I'm in NYC, and am convinced my family had it in February. This leads me to
also wonder if it wasn't rampaging its way through NYC for months before we
had a confirmed case. My wife went to urgent care in tears because of
breathing problems, a fever, etc. All we know was it was not the flu or strep
and she eventually recovered. The rest of our family had at least mild
symptoms, and given how infectious it is - how would we not have gotten it
given we did no distancing whatsoever.

The thing I am trying to wrap my mind around, is that if it was so prevalent
before we knew about it - how did we not notices so many people dropping dead,
etc? I have two thoughts that I would love to explore more.

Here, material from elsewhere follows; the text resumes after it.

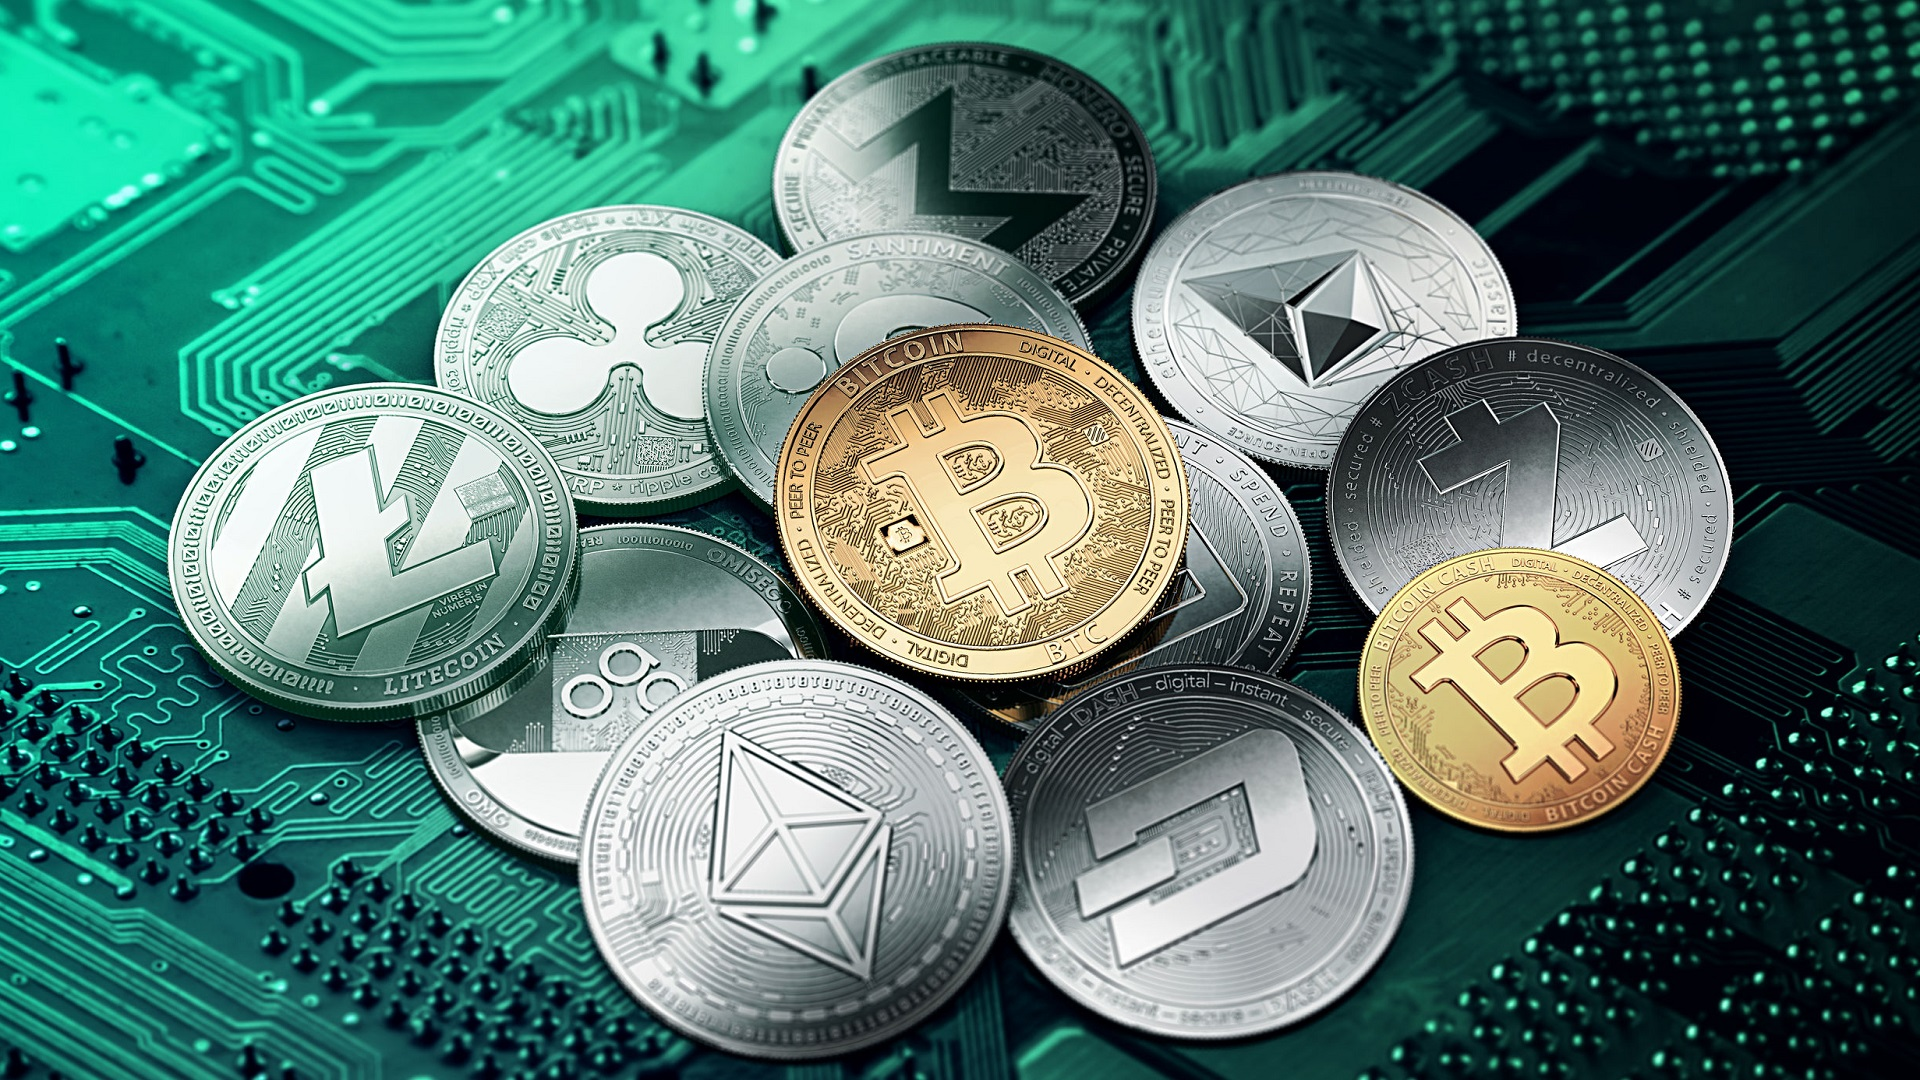 vélemények a keresetekről a bitcoinokon
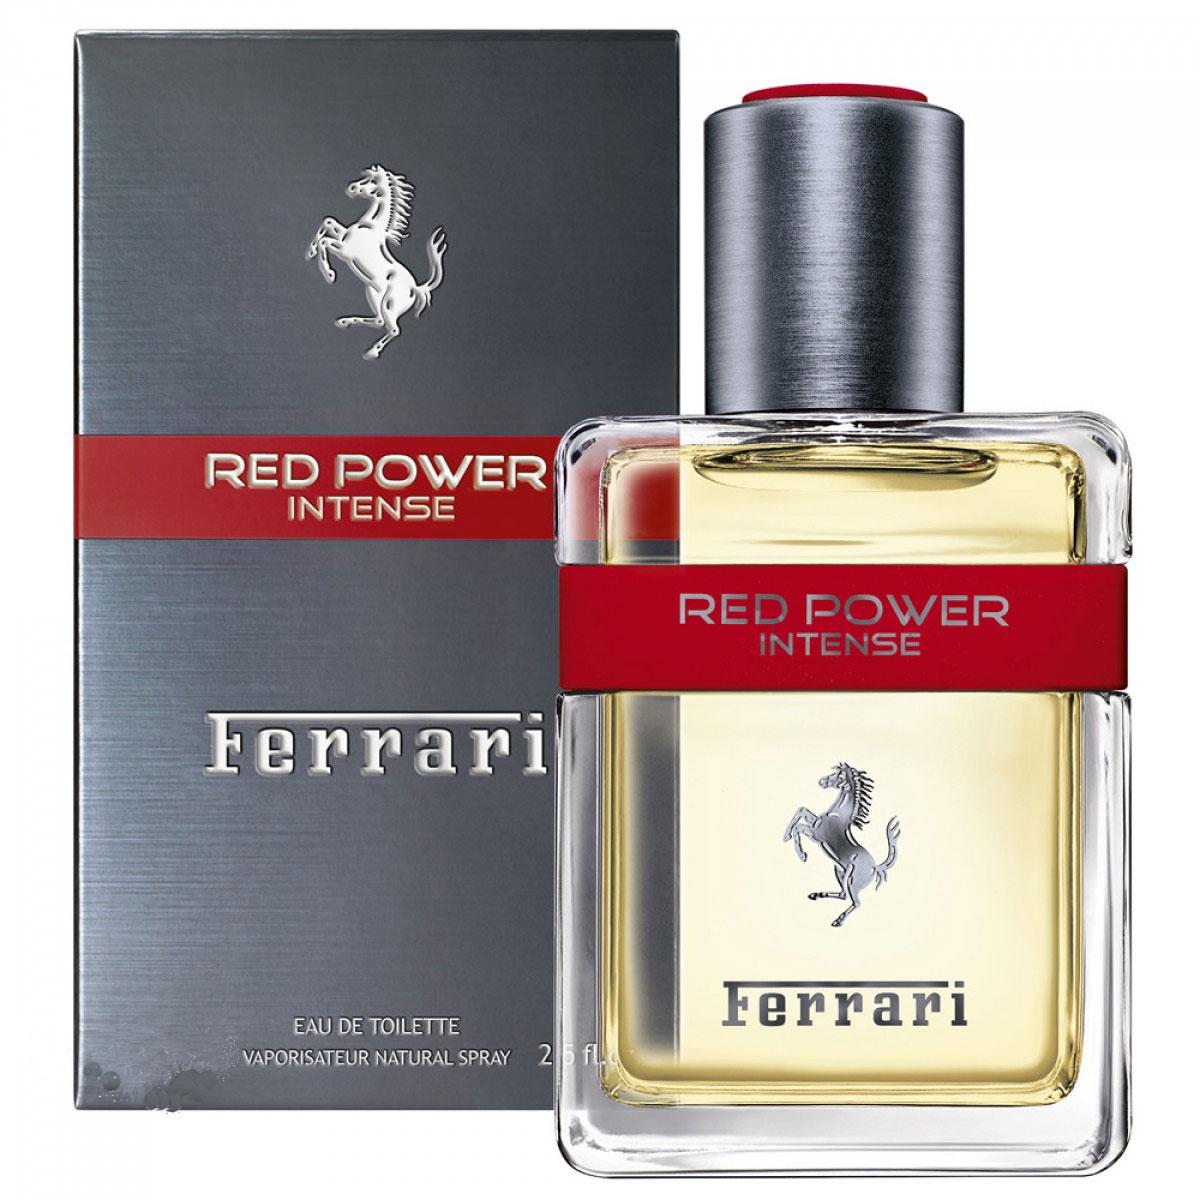 Ferrari Туалетная вода  RED POWER INTENSE мужская, 40 мл67000286Red Power Intense Ferrari - это аромат для мужчин, принадлежит к группе ароматов древесные фужерные. Это новый аромат, Red Power Intense выпущен в 2014. Верхние ноты: мускатный орех, красный перец и Лист фиалки; ноты сердца: Лаванда и ирис; ноты базы: пачули, олибанум, дерево Агар и Амбра.

1\. We know about the placebo effect. Why would there not be a reverse placebo
effect for this virus? If my wife had been seeing non stop covid news in
February about how scary this disease is, why would she not start panicking,
having more breathing problems, worse symptoms, and maybe even take a turn for
the worse? If giving a sugar pill to someone and calling it medicine can
improve outcomes - surely watching dire cable news about how people with your
symptoms are dying left and right could do the opposite.

2\. Maybe those of us who got it early were lucky, because they just weren't
exposed over and over like people who finally got it in March/April.

If either or both of these things were true, then it could explain why/how the
fatality rate rose dramatically in March/April, which would explain better how
this could fly under the radar for so long, but be so prevalent.

And who knows - maybe someday I'll get a chance to take an antibody test and
will find that I'm wrong and my family just got hit with a bad cold.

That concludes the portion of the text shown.